##### SUPPLIED INFORMATION
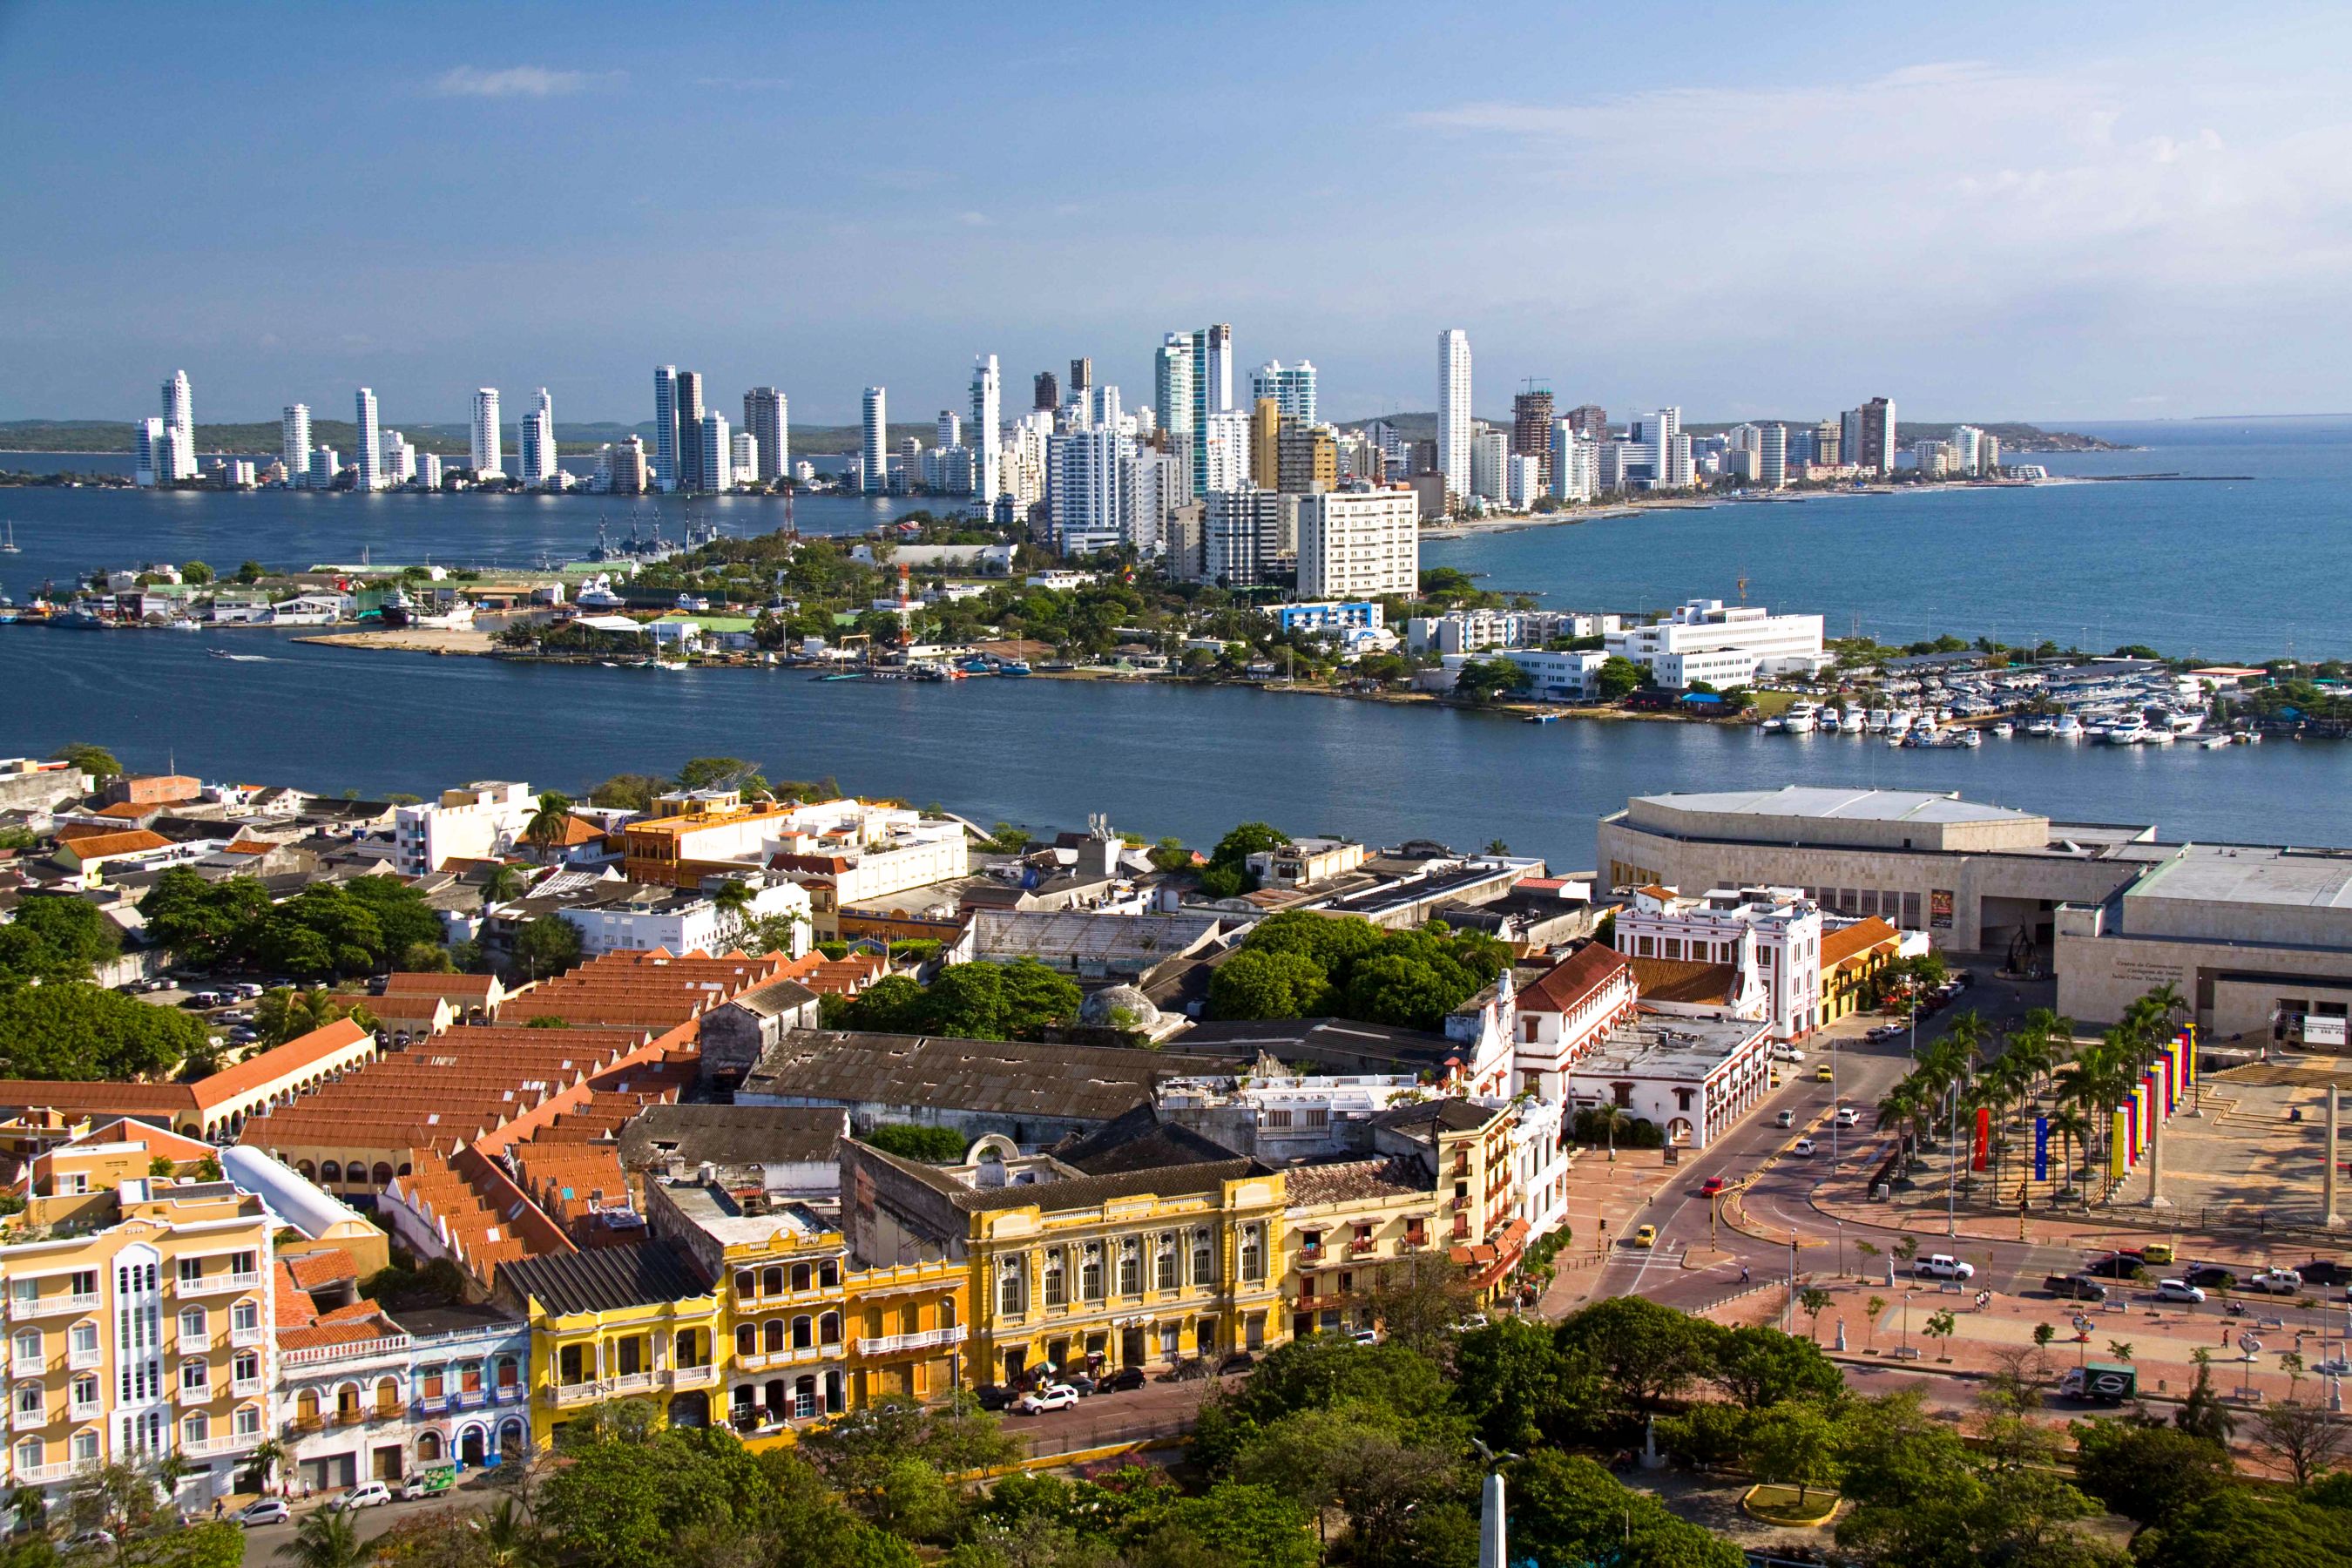 Barrio en Cartagena llamado “República de Venezuela” se quiere cambiar el nombre
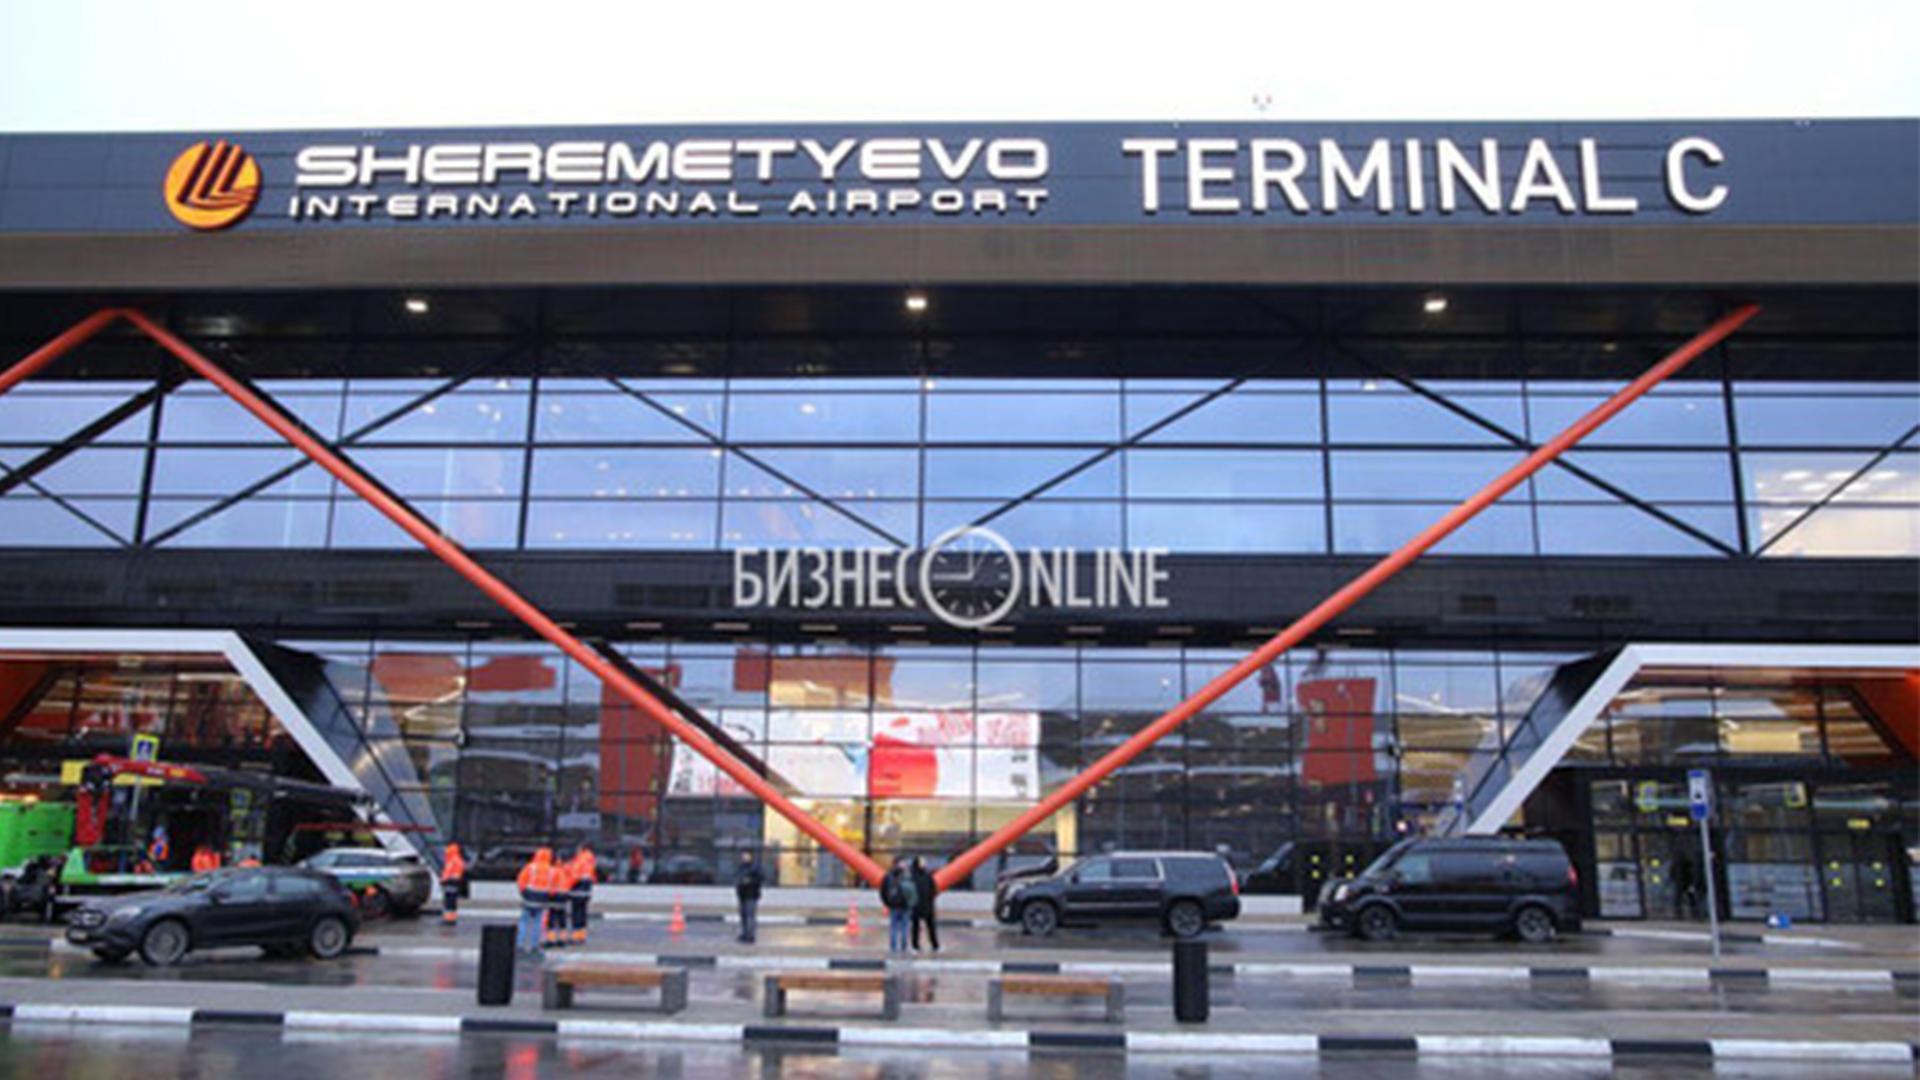 Вход в терминал с. Шереметьево терминал c вид сверху. Шереметьево терминал f. Аэропорт Шереметьево терминал c внутри. Аэропорт Шереметьево внутри терминал б.
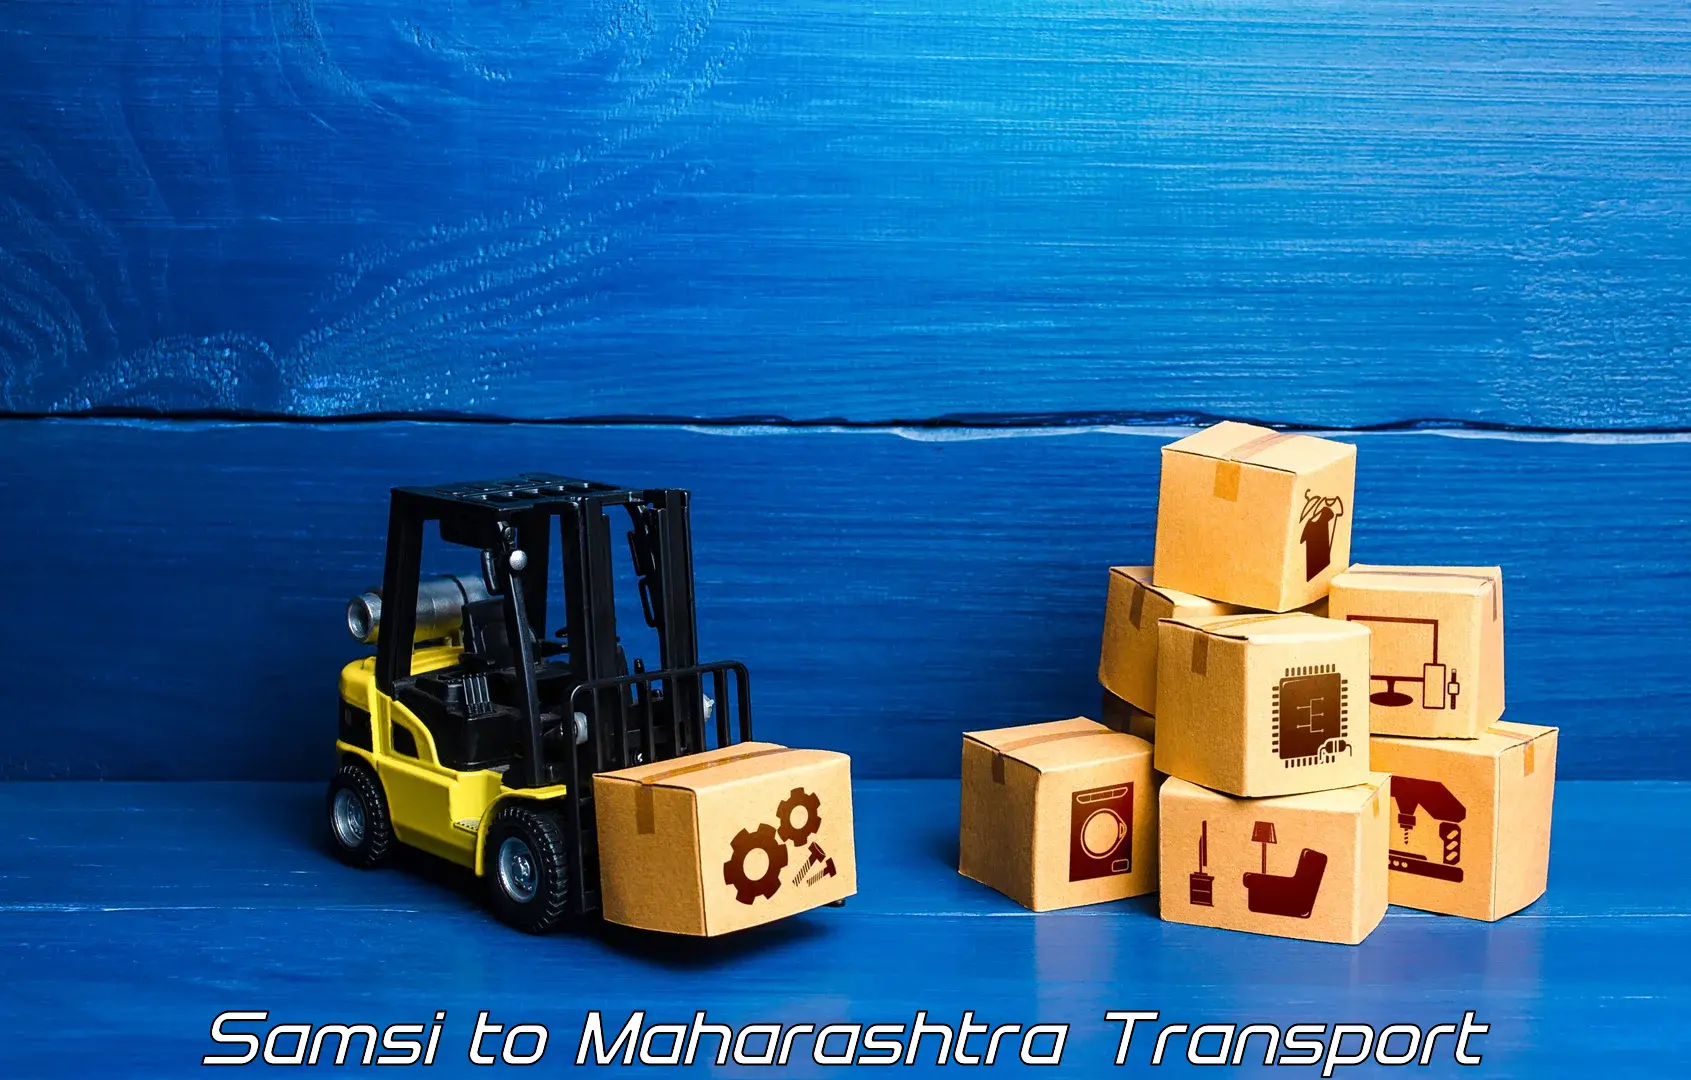 Cargo train transport services Samsi to Maharashtra
##########
REQUIREMENT
Write out everything in the data word for word. Omit each picture.

RESULT
 Barrio en Cartagena llamado “República de Venezuela” se quiere cambiar el nombre
 Вход в терминал с. Шереметьево терминал c вид сверху. Шереметьево терминал f. Аэропорт Шереметьево терминал c внутри. Аэропорт Шереметьево внутри терминал б.
 Cargo train transport services Samsi to Maharashtra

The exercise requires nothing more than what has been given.